▸ ABOUT THIS EXERCISE
Within the entries below, please retype exactly the lines starting with the line that has "1993 McDonalds Collector" and going on through the line that has "Lindex - Trousers", but not the pictures.

▸ DATA
┄┄┄┄┄┄
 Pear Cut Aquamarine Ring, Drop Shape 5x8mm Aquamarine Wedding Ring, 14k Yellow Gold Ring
┄┄┄┄┄┄
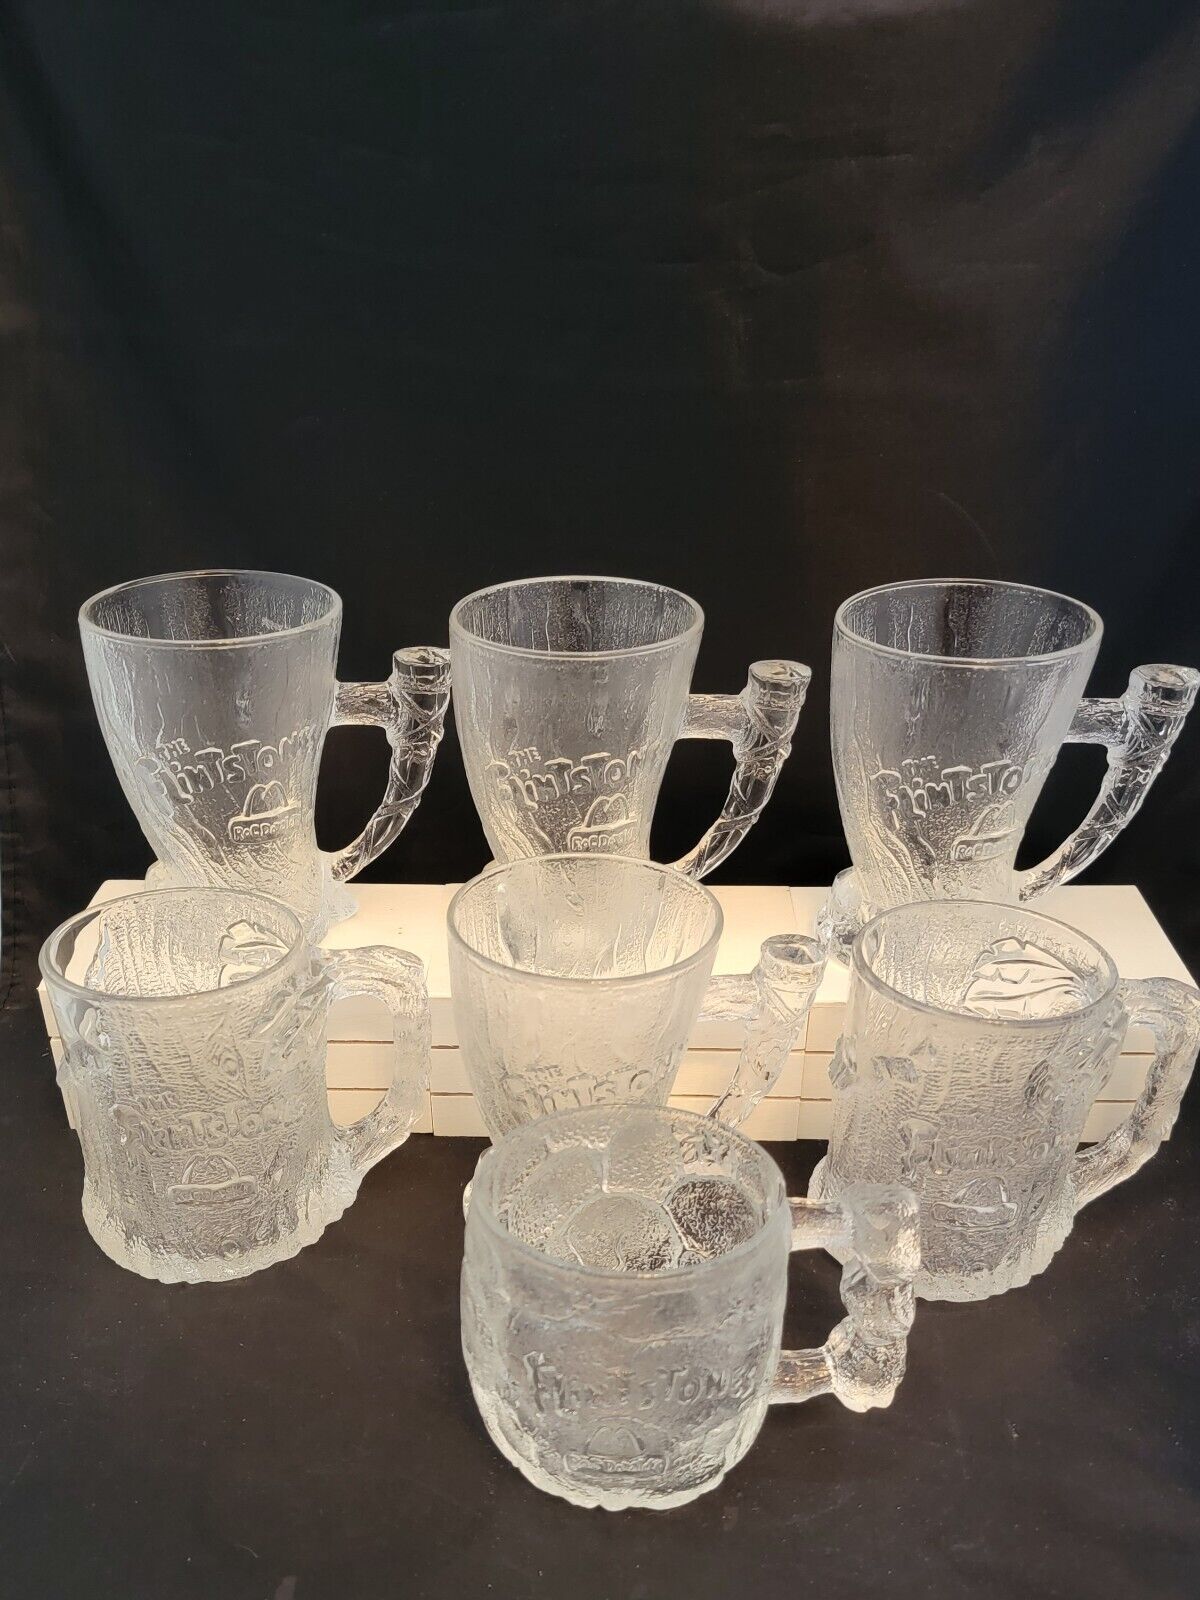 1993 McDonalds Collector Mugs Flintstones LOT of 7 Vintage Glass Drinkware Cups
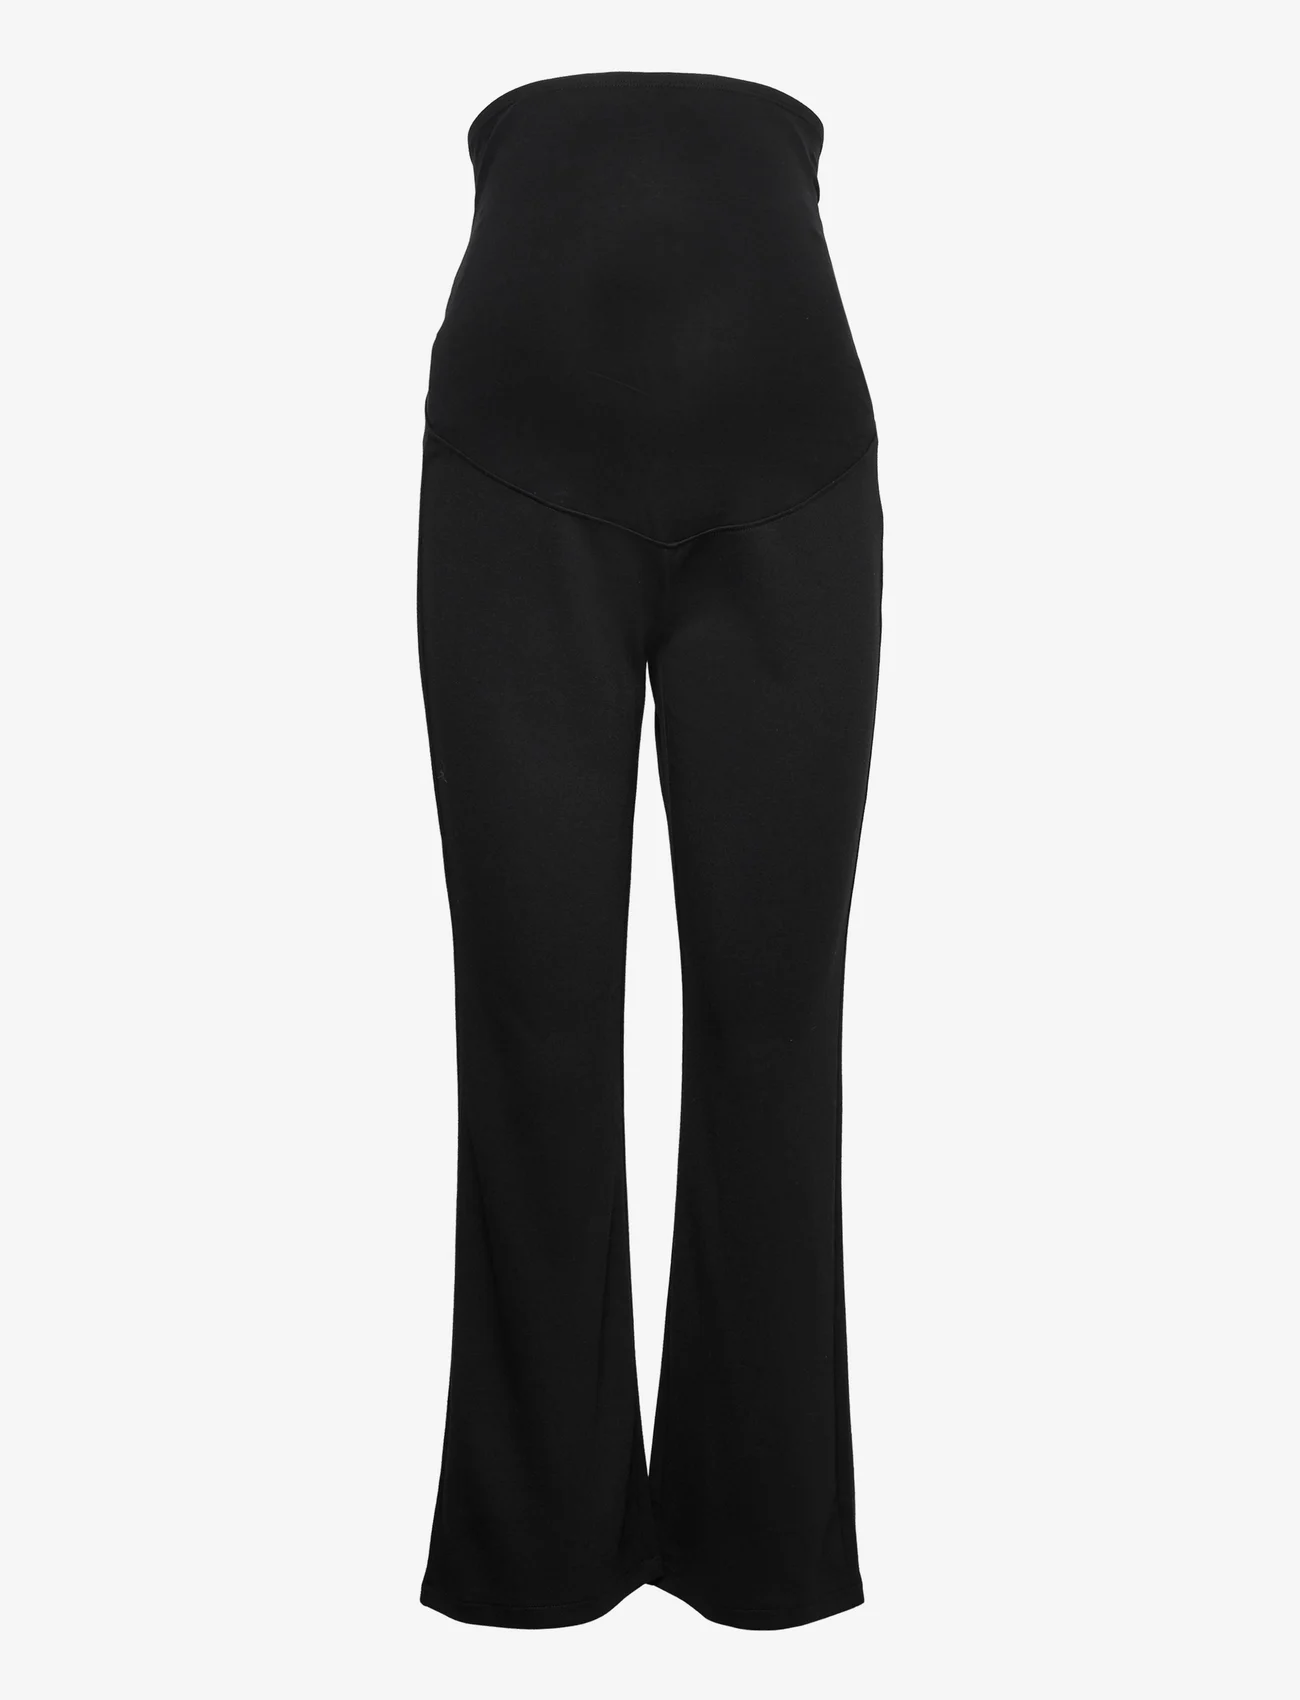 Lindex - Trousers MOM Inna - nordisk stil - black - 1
┄┄┄┄┄┄
▸ OUTPUT
 1993 McDonalds Collector Mugs Flintstones LOT of 7 Vintage Glass Drinkware Cups
 Lindex - Trousers MOM Inna - nordisk stil - black - 1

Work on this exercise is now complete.